Instructions for the task - Beneath this line is the data. Output exactly the lines from the line with "2009 Mercedes-Benz GL550" to the line with "What a great", both ends included, and nothing more.

Records from a data source -
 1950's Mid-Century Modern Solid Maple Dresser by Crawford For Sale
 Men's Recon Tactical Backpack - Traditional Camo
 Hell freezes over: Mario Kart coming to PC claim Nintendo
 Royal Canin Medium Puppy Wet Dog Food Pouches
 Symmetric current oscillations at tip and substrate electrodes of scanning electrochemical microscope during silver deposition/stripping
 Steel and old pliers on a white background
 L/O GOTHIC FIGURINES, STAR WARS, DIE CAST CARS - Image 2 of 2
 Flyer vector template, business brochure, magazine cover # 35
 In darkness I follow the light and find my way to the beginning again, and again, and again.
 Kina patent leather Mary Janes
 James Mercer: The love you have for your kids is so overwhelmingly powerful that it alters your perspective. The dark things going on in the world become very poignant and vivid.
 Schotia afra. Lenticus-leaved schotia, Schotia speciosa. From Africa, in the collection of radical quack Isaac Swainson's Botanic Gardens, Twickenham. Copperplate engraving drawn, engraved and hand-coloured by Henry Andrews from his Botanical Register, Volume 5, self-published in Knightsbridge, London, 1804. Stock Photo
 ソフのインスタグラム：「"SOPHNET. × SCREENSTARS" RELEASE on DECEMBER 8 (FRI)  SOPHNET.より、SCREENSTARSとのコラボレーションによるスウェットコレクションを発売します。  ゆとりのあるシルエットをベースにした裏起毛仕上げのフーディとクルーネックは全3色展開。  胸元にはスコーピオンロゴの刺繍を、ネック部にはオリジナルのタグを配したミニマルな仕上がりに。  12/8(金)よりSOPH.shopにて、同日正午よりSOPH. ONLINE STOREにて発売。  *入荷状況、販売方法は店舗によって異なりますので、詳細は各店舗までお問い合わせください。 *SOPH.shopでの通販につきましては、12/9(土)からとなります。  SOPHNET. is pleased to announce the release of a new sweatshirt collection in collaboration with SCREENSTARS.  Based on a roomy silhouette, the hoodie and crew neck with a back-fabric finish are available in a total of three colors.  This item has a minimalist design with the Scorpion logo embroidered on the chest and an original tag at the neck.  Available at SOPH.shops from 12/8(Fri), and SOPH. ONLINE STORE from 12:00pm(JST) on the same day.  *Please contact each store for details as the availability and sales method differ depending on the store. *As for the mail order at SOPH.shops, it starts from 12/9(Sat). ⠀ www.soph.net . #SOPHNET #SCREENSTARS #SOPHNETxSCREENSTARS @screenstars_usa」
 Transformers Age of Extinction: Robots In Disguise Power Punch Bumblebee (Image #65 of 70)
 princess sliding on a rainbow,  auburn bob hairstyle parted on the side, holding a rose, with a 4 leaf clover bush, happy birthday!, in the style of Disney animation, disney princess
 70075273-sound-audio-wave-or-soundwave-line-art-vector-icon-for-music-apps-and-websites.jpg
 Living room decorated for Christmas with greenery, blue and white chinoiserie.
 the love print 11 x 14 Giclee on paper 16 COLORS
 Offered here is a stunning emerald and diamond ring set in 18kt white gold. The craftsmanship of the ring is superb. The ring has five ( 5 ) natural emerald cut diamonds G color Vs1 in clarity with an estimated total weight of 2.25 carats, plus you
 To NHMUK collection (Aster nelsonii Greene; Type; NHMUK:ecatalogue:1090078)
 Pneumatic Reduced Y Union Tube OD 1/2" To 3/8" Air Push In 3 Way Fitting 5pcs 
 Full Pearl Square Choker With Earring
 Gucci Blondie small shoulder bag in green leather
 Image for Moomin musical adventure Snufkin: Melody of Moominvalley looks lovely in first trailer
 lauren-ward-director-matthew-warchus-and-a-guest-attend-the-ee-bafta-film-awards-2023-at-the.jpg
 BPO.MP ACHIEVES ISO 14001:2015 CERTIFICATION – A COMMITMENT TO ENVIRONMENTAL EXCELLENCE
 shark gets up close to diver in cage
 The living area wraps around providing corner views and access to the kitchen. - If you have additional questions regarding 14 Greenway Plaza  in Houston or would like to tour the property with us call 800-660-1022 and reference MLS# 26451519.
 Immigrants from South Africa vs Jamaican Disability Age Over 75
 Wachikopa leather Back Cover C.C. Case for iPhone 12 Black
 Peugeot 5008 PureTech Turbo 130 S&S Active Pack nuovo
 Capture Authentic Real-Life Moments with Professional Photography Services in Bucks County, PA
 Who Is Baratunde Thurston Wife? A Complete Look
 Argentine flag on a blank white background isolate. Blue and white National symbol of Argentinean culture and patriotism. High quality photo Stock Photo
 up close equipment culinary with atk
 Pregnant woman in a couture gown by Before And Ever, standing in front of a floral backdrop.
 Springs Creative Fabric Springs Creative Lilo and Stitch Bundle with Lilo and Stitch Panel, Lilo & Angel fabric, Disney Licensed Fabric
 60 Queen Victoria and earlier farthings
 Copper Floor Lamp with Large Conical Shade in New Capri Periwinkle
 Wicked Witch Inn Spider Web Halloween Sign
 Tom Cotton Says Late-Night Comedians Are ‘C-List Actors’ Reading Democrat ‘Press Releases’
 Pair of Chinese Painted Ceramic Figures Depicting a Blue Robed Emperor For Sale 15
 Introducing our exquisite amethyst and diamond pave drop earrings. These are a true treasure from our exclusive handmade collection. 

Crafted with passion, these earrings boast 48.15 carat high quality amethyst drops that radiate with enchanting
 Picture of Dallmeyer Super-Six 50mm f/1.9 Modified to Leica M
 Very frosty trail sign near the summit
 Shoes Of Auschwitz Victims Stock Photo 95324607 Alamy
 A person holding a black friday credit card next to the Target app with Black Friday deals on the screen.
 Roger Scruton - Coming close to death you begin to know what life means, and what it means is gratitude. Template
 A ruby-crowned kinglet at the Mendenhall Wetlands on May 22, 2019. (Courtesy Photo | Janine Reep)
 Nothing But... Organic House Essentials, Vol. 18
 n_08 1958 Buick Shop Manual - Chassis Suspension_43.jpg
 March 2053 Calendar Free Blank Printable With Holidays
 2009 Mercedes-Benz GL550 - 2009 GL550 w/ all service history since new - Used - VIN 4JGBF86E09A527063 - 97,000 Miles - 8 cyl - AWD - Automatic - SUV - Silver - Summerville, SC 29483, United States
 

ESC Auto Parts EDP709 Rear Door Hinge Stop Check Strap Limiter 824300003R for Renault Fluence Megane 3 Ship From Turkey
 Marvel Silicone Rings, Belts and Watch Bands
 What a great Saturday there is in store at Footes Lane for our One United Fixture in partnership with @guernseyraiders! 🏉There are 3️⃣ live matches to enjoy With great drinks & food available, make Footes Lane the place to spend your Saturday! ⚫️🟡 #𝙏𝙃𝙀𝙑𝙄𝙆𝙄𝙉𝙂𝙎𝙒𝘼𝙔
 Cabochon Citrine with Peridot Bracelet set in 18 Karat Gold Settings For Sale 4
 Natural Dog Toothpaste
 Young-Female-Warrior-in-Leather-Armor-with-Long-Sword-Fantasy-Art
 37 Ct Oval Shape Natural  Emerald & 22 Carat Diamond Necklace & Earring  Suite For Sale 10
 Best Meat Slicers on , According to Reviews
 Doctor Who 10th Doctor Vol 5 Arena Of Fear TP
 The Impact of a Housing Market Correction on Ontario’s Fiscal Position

Solution to the problem -
 2009 Mercedes-Benz GL550 - 2009 GL550 w/ all service history since new - Used - VIN 4JGBF86E09A527063 - 97,000 Miles - 8 cyl - AWD - Automatic - SUV - Silver - Summerville, SC 29483, United States
 

ESC Auto Parts EDP709 Rear Door Hinge Stop Check Strap Limiter 824300003R for Renault Fluence Megane 3 Ship From Turkey
 Marvel Silicone Rings, Belts and Watch Bands
 What a great Saturday there is in store at Footes Lane for our One United Fixture in partnership with @guernseyraiders! 🏉There are 3️⃣ live matches to enjoy With great drinks & food available, make Footes Lane the place to spend your Saturday! ⚫️🟡 #𝙏𝙃𝙀𝙑𝙄𝙆𝙄𝙉𝙂𝙎𝙒𝘼𝙔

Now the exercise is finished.